What to expect during your inpatient rehabilitation stay
Longtime St. Joseph’s/Candler physical therapist and occupational therapist share what to bring, what you’ll do on our inpatient rehab units
There may come a time when an illness, surgery or injury requires treatment at an inpatient rehabilitation unit. We want you to know you have a choice regarding your rehab and that decision can impact the rest of your life.
At St. Joseph’s/Candler, we have Acute Rehabilitation Units (ARU) at St. Joseph’s Hospital and Candler Hospital. Patients choose our inpatient rehab for our faith-based, holistic approach to healing while providing the most advanced, comprehensive treatments.
Additionally, both our ARUs are accredited by the highest level awarded by the Commission on Accreditation of Rehabilitation Facilities (CARF). This certification demonstrates the Acute Rehab Unit’s commitment to continually improving service and outcomes for patients who have experienced serious illness or accident.Related Article: VIDEO: St. Joseph’s Hospital inpatient rehab patient learns to walk again
So when you choose inpatient rehab at either St. Joseph’s Hospital or Candler Hospital what can you expect?

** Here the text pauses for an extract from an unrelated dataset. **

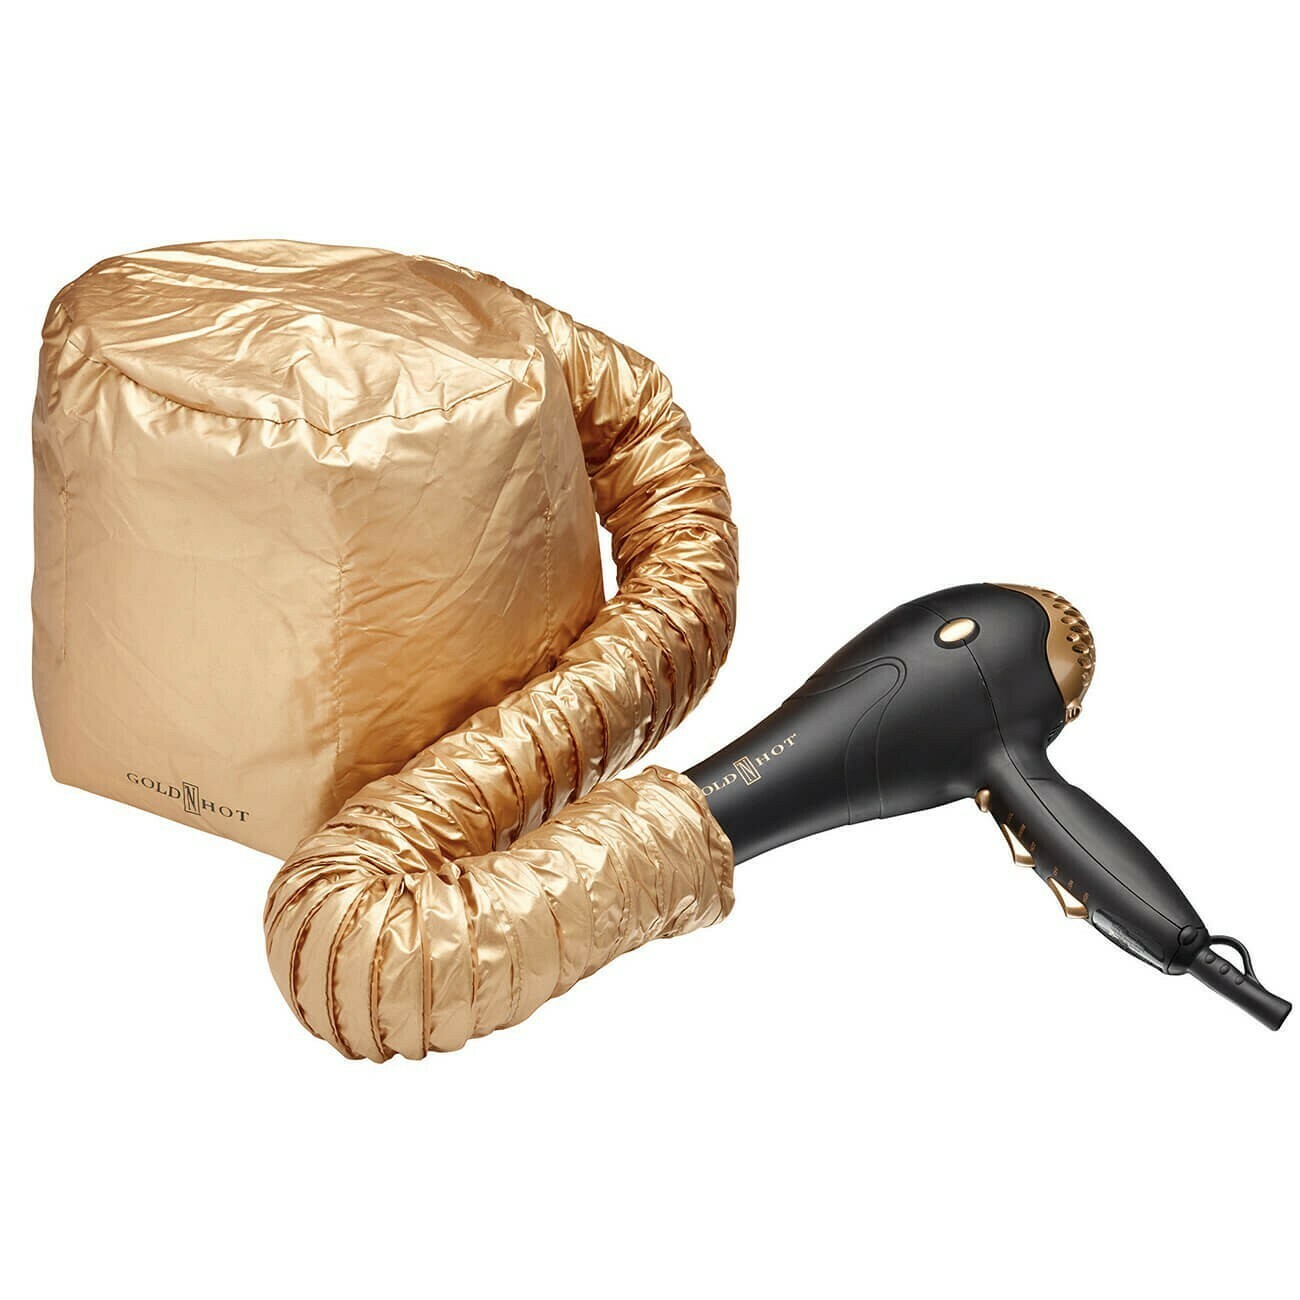 Gold 'N Hot Jet Bonnet Dryer Attachment

“Our ultimate goal is home and getting that patient as mobile and independent as possible,” says Amy Long, physical and occupational therapy manager and physical therapist at St. Joseph’s Hospital. “We’d love for everyone to get back to their prior level of function. Sometimes that’s achievable; sometimes it’s not, but the goal is to get them as close as we can back to meaningful activities and being as independent as possible so they can feel their quality of life is where they would like it to be.”
That happens with physical therapy, occupational therapy and speech therapy – all of which are available on our ARUs.
Physical therapy helps you regain strength, balance and coordination to restore mobility.
Occupational therapy helps you regain the physical and cognitive skills required to perform daily activities such as bathing, getting dressed, cooking a meal and doing laundry.
Speech therapy helps you regain speaking, swallowing and cognitive abilities.
Related Article: What is speech therapy?
While a patient on our ARUs, you’ll have a minimum of three hours of combined therapy a day, for five or six days a week. Your stay starts with an evaluation to assess your deficits and develop a plan of care, Long says. That may determine if you need more time in one discipline than another.
“Some patients may need more occupational therapy than others, but everybody gets dressed. Everybody goes to the bathroom,” says St. Joseph’s Hospital Occupational Therapist Heather Douglas. “At the end of the day, we all need both to be able to live our lives – to get to where we want to go, which is physical therapy, and then be able to do what we want to do when we get there, which is occupational therapy.”
What to bring
We want you to feel at home while on our unit and welcome bringing personal items to participate in therapies and daily care including:
- Loose-fitting, comfortable clothing such as pants, shirts, socks, underwear, etc.
- Sturdy and comfortable shoes with non-skid bottoms
- Sweater or jacket (with zippers or buttons as this is helpful to work on dressing goals)
- Personal care items and cosmetics
- Eyeglasses or contact lens and supplies
- Sleepwear and robe
- Hearing aids in labeled container with your name
- Dentures in labeled container with your name
- Assistive or adaptive equipment that you may have used at home. This will help staff members get a better idea of your prior level of function.
We do discourage bringing any valuables.
But we do encourage a positive attitude.
“I’m a big believer that laughter and humor do a lot for the soul, the mental side of things,” Long says. “Just to have that mental attitude, that positivity in your life goes a long way. The healing process is a mental process also, not just the physical.”
“That’s why we try to have fun and joke around and talk with our patients,” Douglas adds. “We try to have a good interaction with our patients because nobody is here because something good happened. We try to make it a good, fun environment. I find most of our patients enjoy coming to rehab. They talk to each other and watch each other’s progress. You’ll see them cheering each other on.”
Related Article: Inpatient rehab helps mother of two walk sooner, get home quicker
More about our team
As mentioned, our goal is to prepare you for discharge to a home setting as independent as possible. Our home-like setting allows you to perform daily care with the guidance of a team of experts that includes rehabilitation physicians, physical therapists, occupational therapists, speech-language pathologists, social workers, rehabilitation nurses, pharmacists, dietitians and pastoral care.
“We definitely come together to discuss our patients’ care, including nursing and dietary, for example,” Long says. “We do an interdisciplinary plan of care. As a team, we work together, but we also tailor to what each individual patient’s needs are.”